### Data below

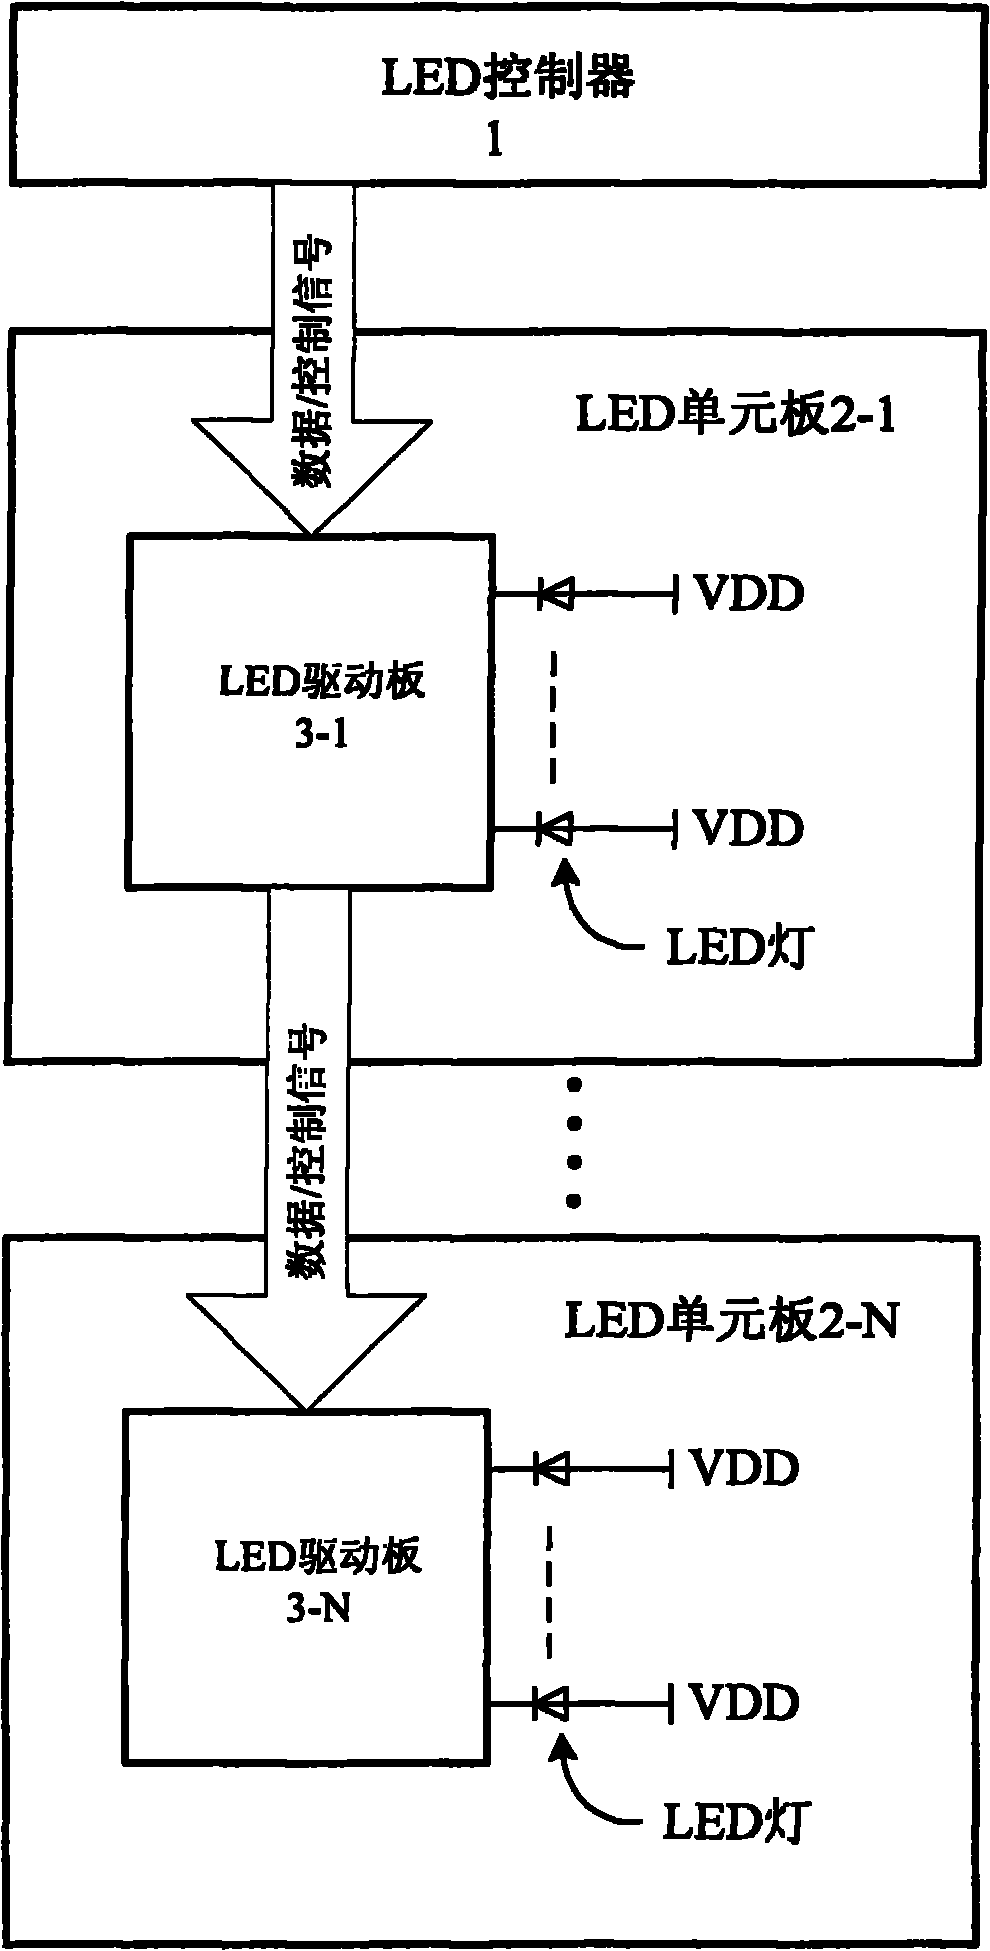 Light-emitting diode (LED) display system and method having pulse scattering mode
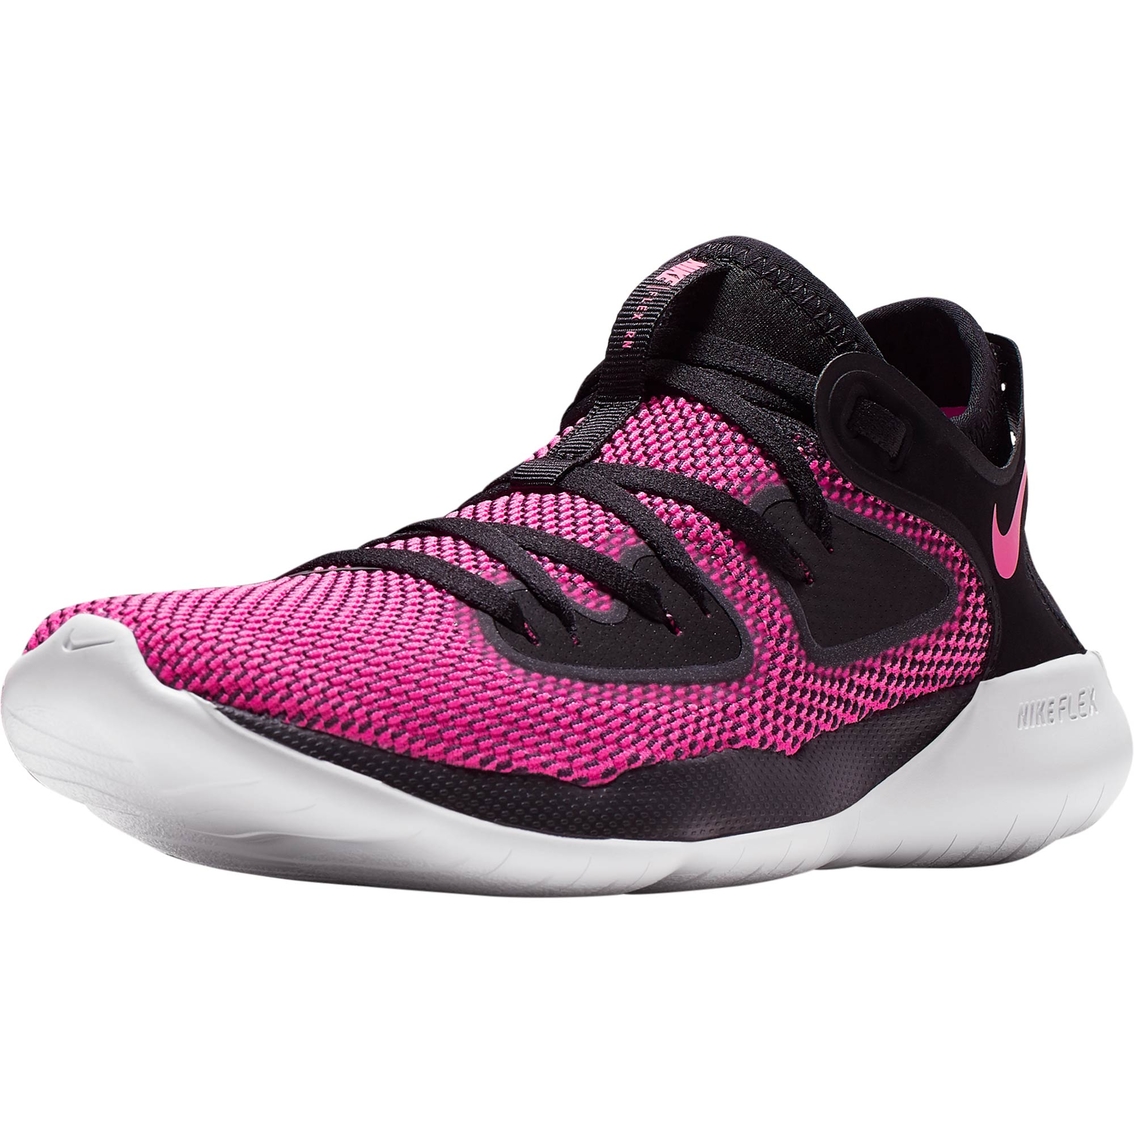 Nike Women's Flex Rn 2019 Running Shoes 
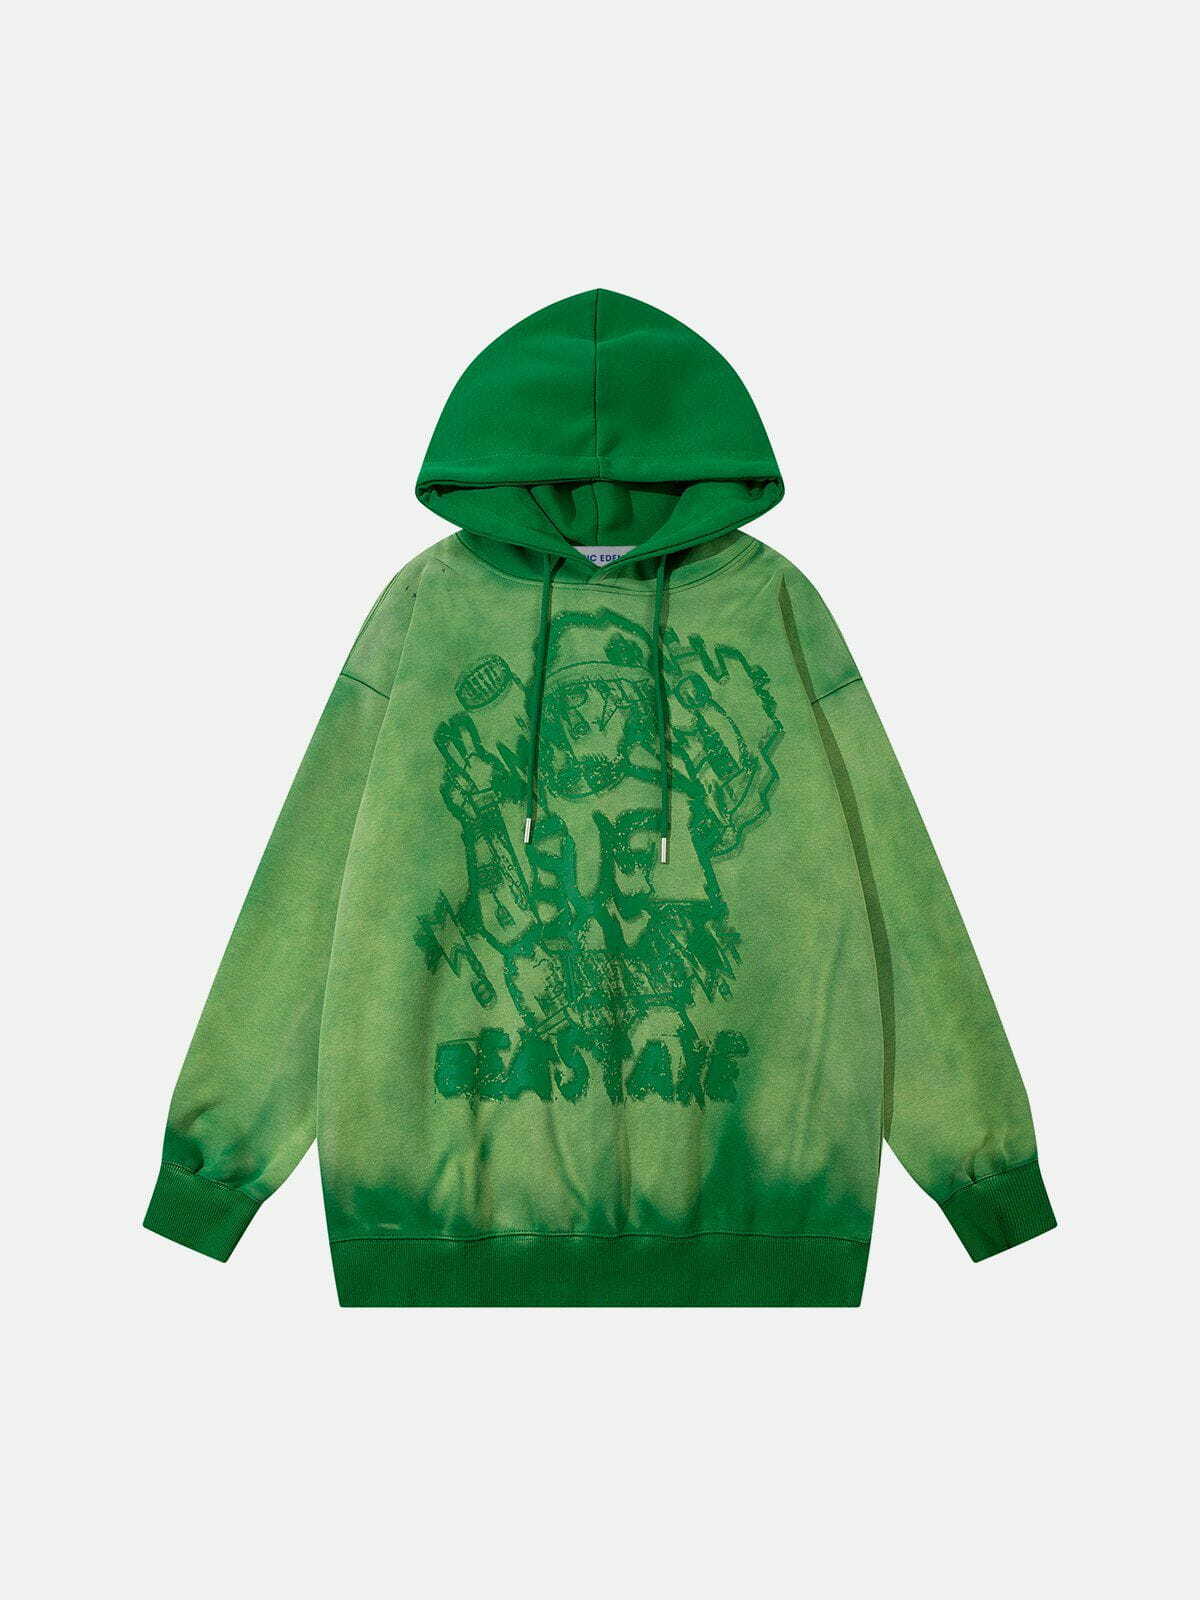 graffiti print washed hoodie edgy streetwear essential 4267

### Aim of the task
Repeat the data exactly, dropping every picture it holds.

### Task result
 Light-emitting diode (LED) display system and method having pulse scattering mode
 Nike Women's Flex Rn 2019 Running Shoes 
 graffiti print washed hoodie edgy streetwear essential 4267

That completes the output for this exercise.